Interview: Sandro Lorandi, Babyrace

from FIA Karting

A former KZ driver, Sandro Lorandi created the Babyrace team to support his sons Alessio and Leonardo in their debut in kart racing.

With the good results, the team quickly grew to become one of the most successful at international level. Alessio won the first CIK-FIA KF-Junior World Championship in 2013 in Bahrain. Despite the transition of his two sons to single-seater racing, Sandro Lorandi continues to satisfy his passion for motor sport by training young drivers for high-level competition at the Babyrace Driver Academy.

Sandro Lorandi (pic – FIA Karting/KSP)

At the beginning of June 2020, he takes stock of the upcoming resumption of competition as the COVID-19 situation improves day by day.


Like everyone else, we stopped all sporting activity at the end of February, a complete three-month disruption. Fortunately, karting is not my main professional activity and I was able to face this turmoil with less difficulty than others. I tried to support the Babyrace Driver Academy collaborators who found themselves without work as much as possible so that they wouldn’t find themselves in financial difficulty.


After the storm we experienced in Italy, the situation is returning to normal. We were able to resume our activity at the beginning of June by starting to train young Italian drivers. Europeans will soon be able to move around normally and we expect to welcome other nationalities shortly.

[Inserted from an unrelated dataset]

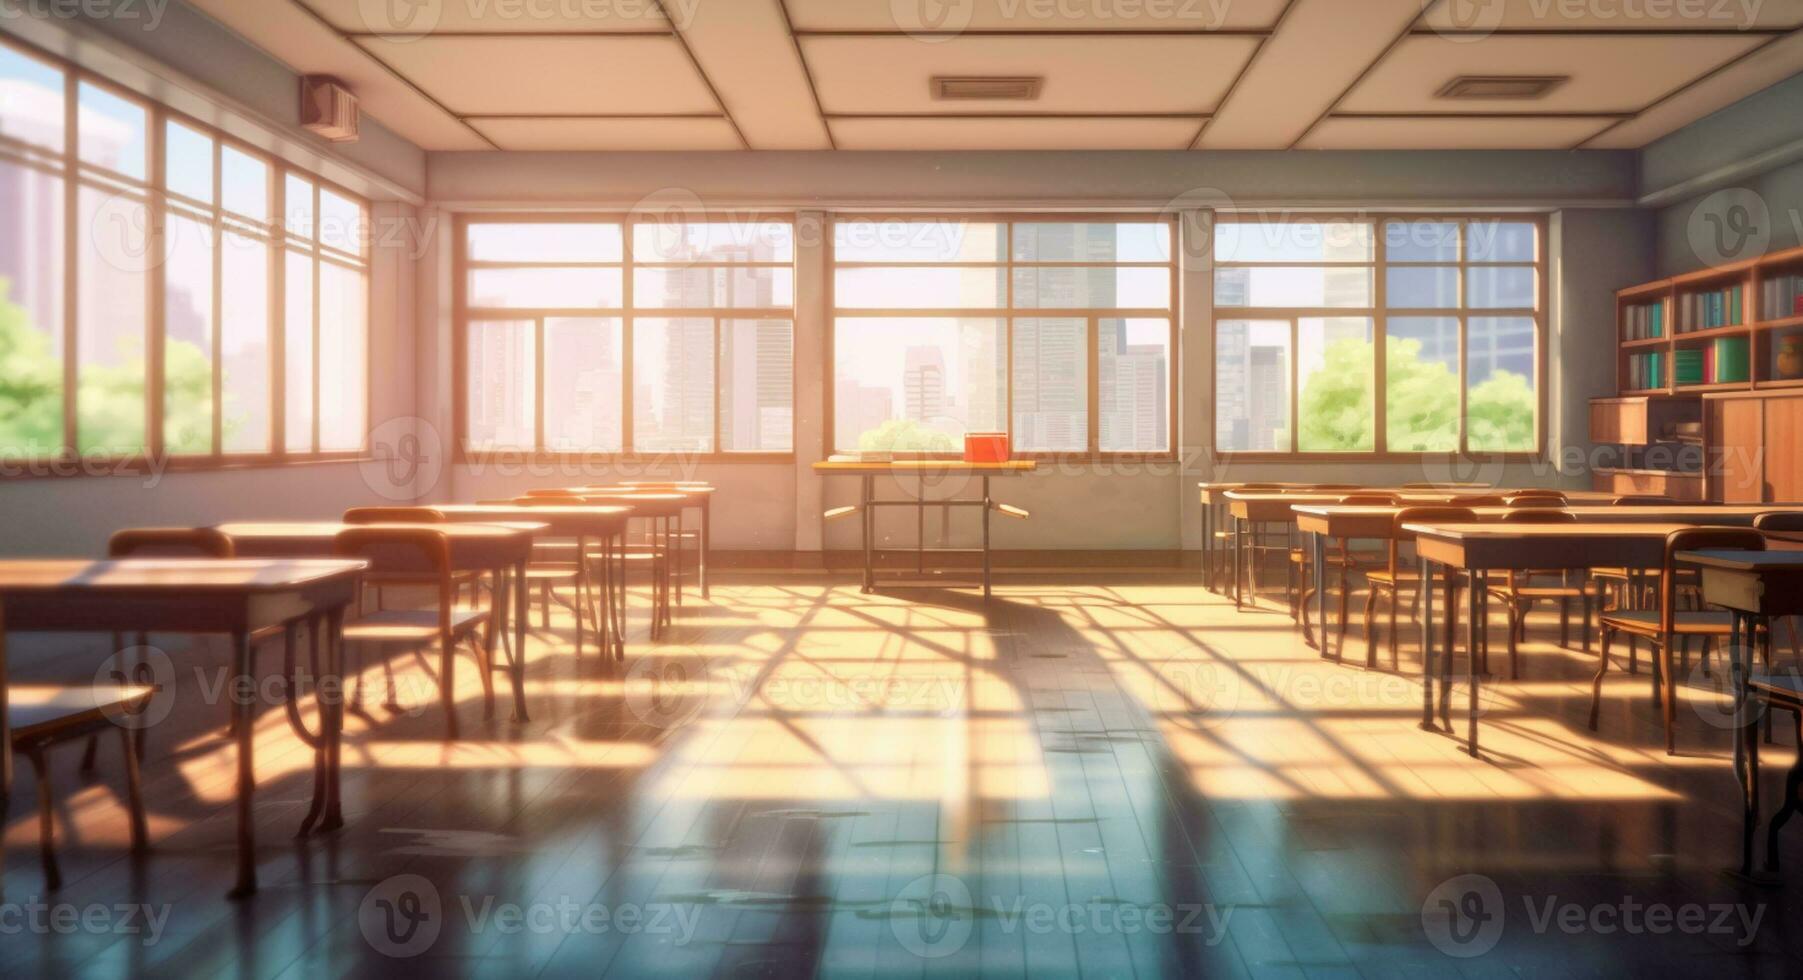 Anime Classroom  Anime classroom, Classroom interior, Classroom  architecture

However, it remains complicated for some countries. I think that Russians and Asians, like our Indonesian driver, still face difficulties in travelling to Europe. Air transport has not yet resumed normally and not all borders have reopened to date. We will have to wait for traffic between every country to be as smooth as before.


We need and we are very much looking forward to restarting racing. The latest news is that the international races will be able to start again in July in Italy and we will be present at the major races scheduled in our country. Our drivers and their families are very motivated. 

In terms of health, the new habits we have adopted to limit the risks of infection in our daily lives will also apply to competition. These are actions that have become familiar now and will be applied in the tent and in the paddock. We have to trust everyone’s sense of responsibility: drivers, technicians, mechanics, etc. These are new constraints that are not limited to karting.

Motor sport as a whole must be reasonable with regard to the health rules to be respected, but we should not fall into excessive precautions that would be detrimental to everyone. Our work must be able to be carried out calmly with an intelligent approach to current problems.


I don’t believe that we should revolutionise everything under the pretext that not everyone can reach the highest level of competition. The appeal of karting is currently very wide. There are different ways of practicing this sport depending on one’s objectives and means.

The top of karting will remain expensive, because competition is fierce when you aim for the top. I am in a good position to know how much it costs to run a team and I don’t see how these costs could be significantly reduced. I know it’s not easy for everyone, but I think that families can also choose a leaner programme according to their resources and still get their child to race.